Retirement might be years away when couples in Georgia decide to end their marriages. Their savings for retirement, however, will generally be counted as marital assets whether they are held in individual accounts or employer-sponsored plans. Accessibility of funds, penalties for early withdrawal and impacts on Social Security benefits all need to be considered by people negotiating their split.
Individual retirements accounts by their nature only have one name on them, but accounts established during the marriage will be evaluated during a divorce. When negotiating the division of assets, these accounts cannot be distributed without tax penalties prior to the account holder reaching age 59-1/2. Divisions made to workplace pension plans and 401(k) accounts must be executed with a qualified domestic relations order. The advice of a financial adviser knowledgeable about retirement accounts as well as an attorney is often beneficial when preparing this document.

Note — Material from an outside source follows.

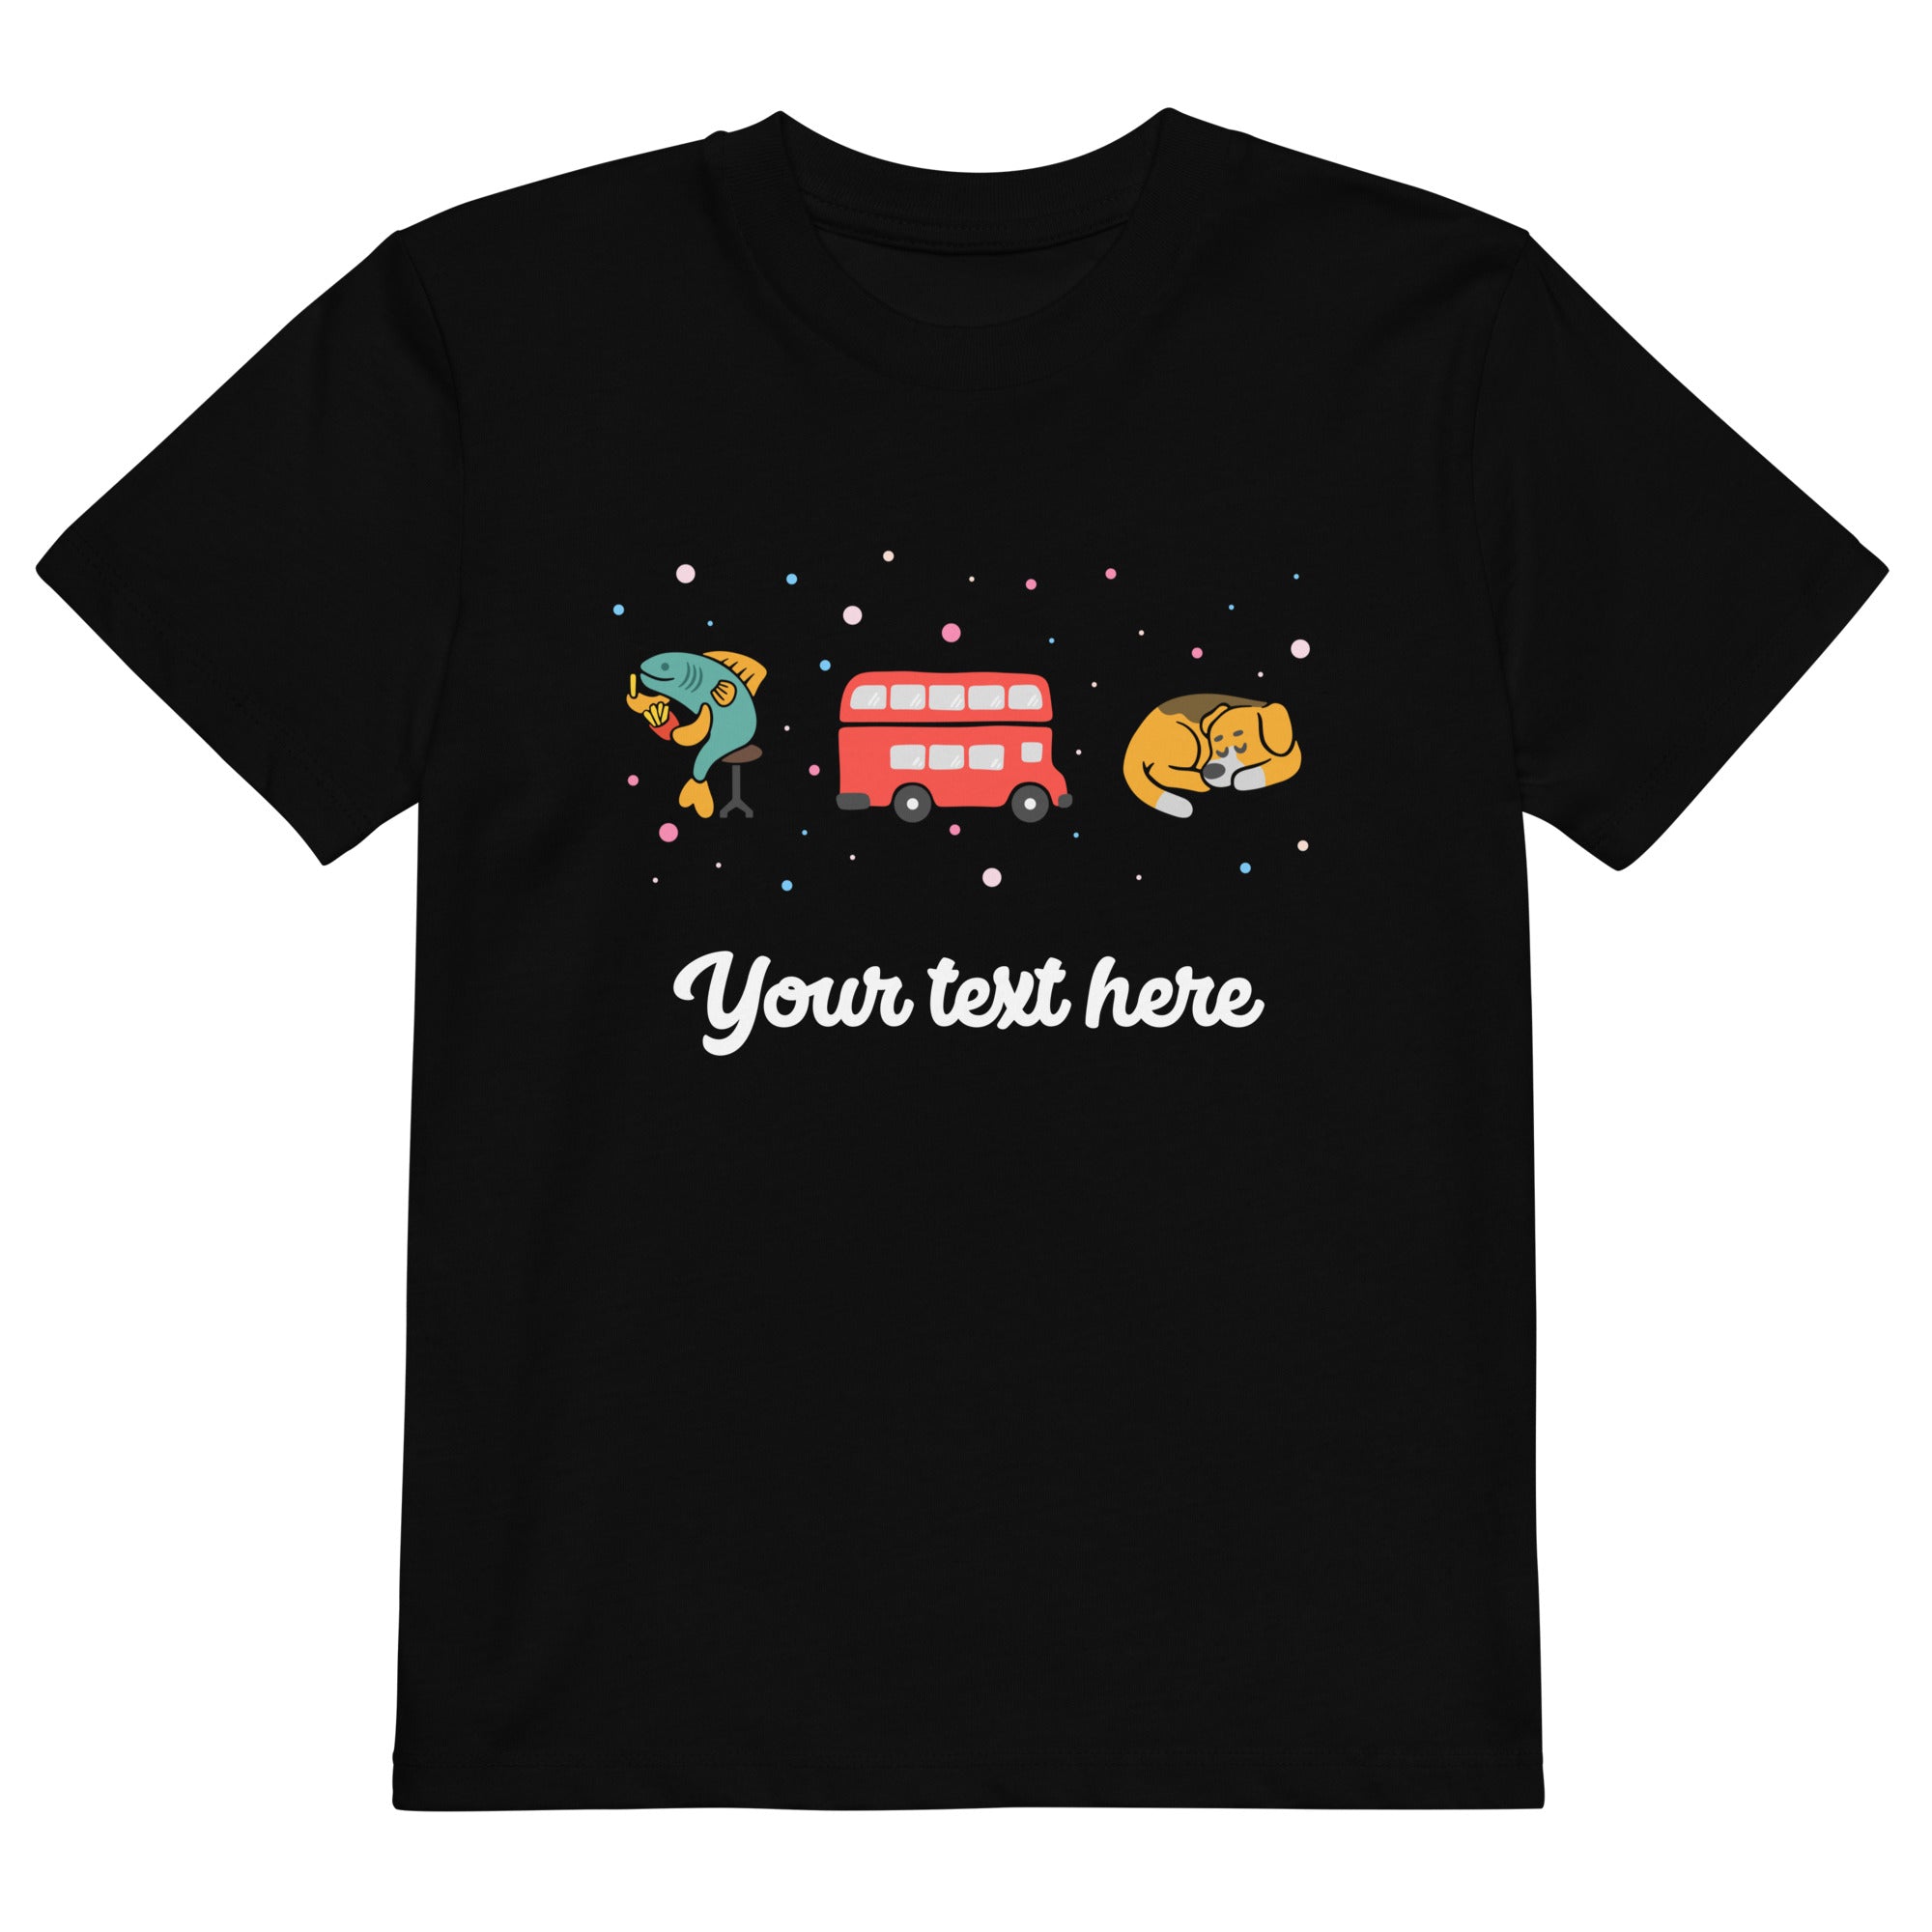 Personalised Custom Text - Organic Cotton Kids T-Shirt - London Doodles - Fish & Chips / Bus / Corgi - Black 1

Marriages of more than 10 years raise issues about Social Security benefits after a divorce. A person might have the right to draw upon half of an ex-spouse's benefits. In some cases, this amount might be higher than what the person would have received based solely on his or her earning record.
Because retirement accounts might contain substantial funds, emotions could run high for a person confronted by the need to give half to a former partner. Legal advice could help a person understand how family law directs these divisions. An attorney could recommend tradeoffs during property division negotiations that might reduce financial strain now and in the future. Retirement accounts that must be held until certain ages might be exchanged for liquid assets that a departing spouse can cash out now.